Work instruction: Omit every picture, then return the listing verbatim.

--- Data segment Enclosed Below ---

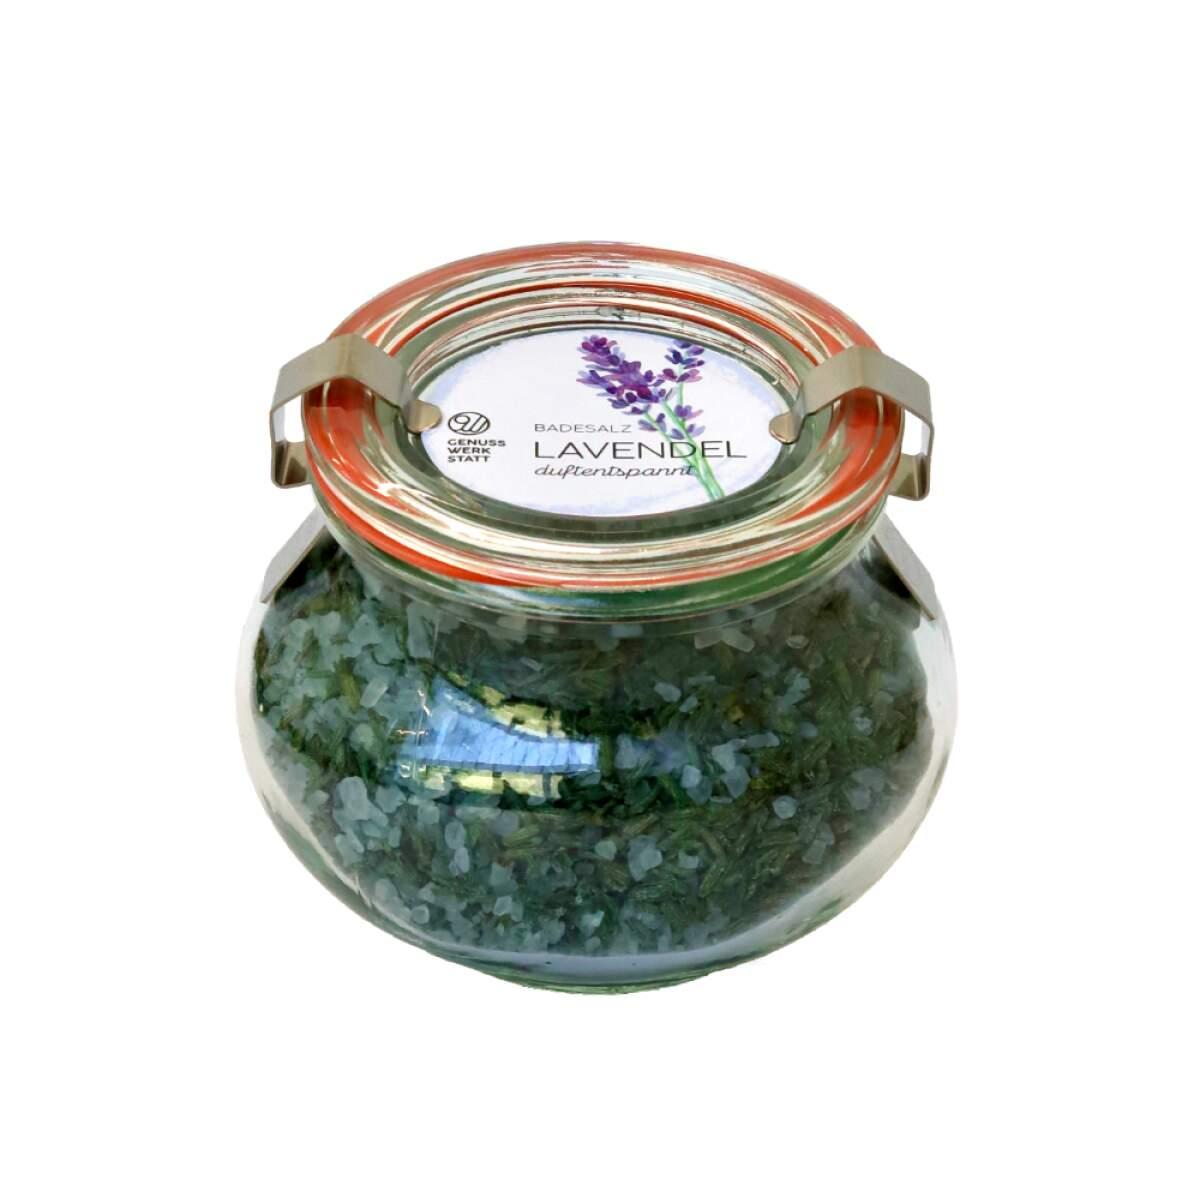 Badesalz-Schmuckglas-Lavendel_neu_2496_1000px
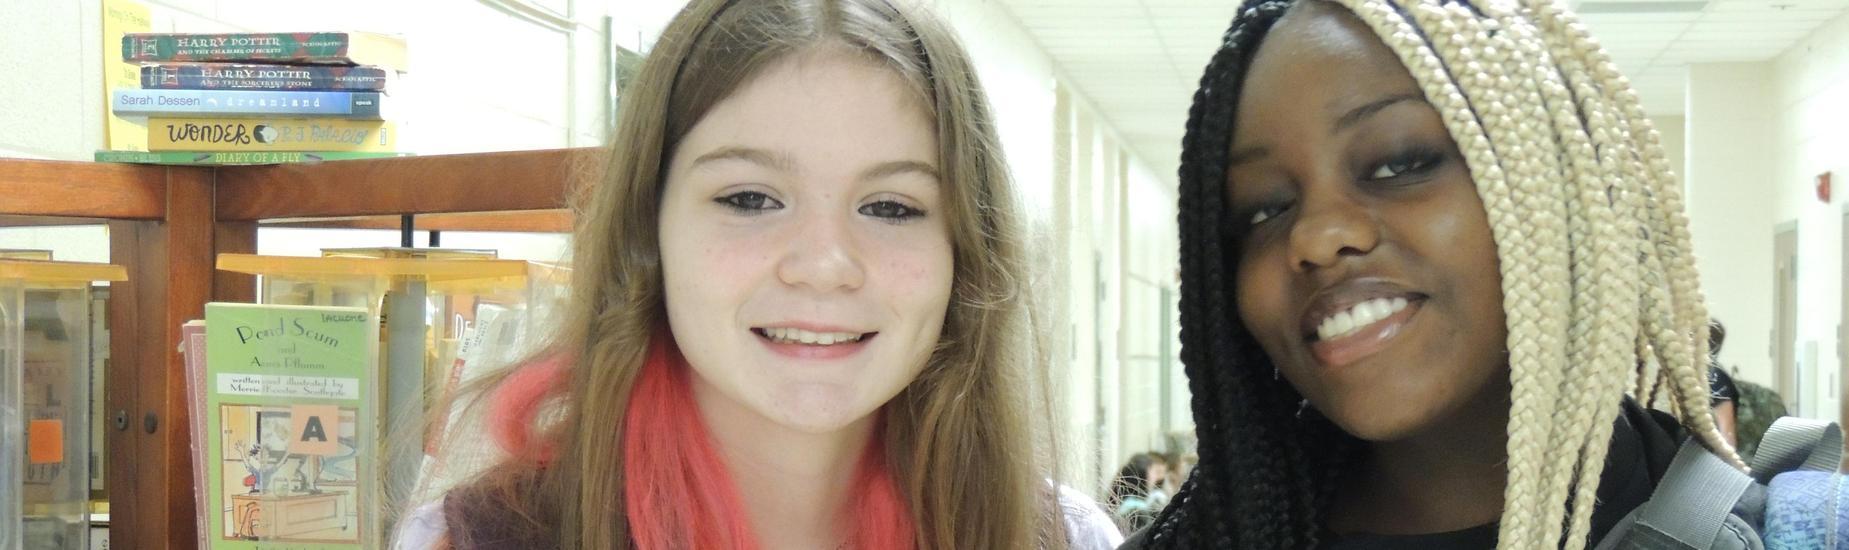 8th grade students
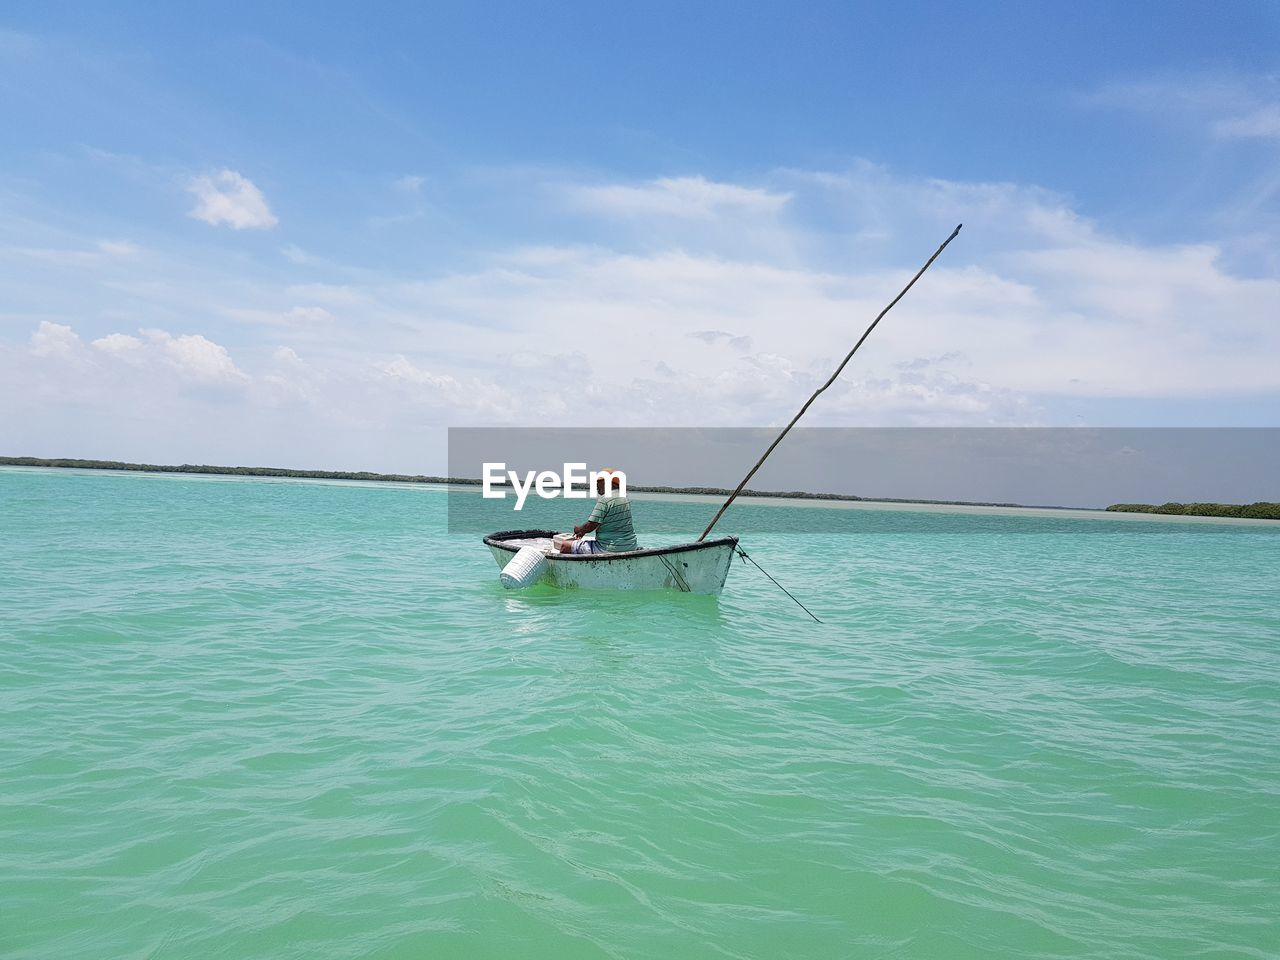 Man On Boat In Sea Against Sky

--- End of Enclosed Data segment ---

Response to this exercise:
 Badesalz-Schmuckglas-Lavendel_neu_2496_1000px
 8th grade students
 Man On Boat In Sea Against Sky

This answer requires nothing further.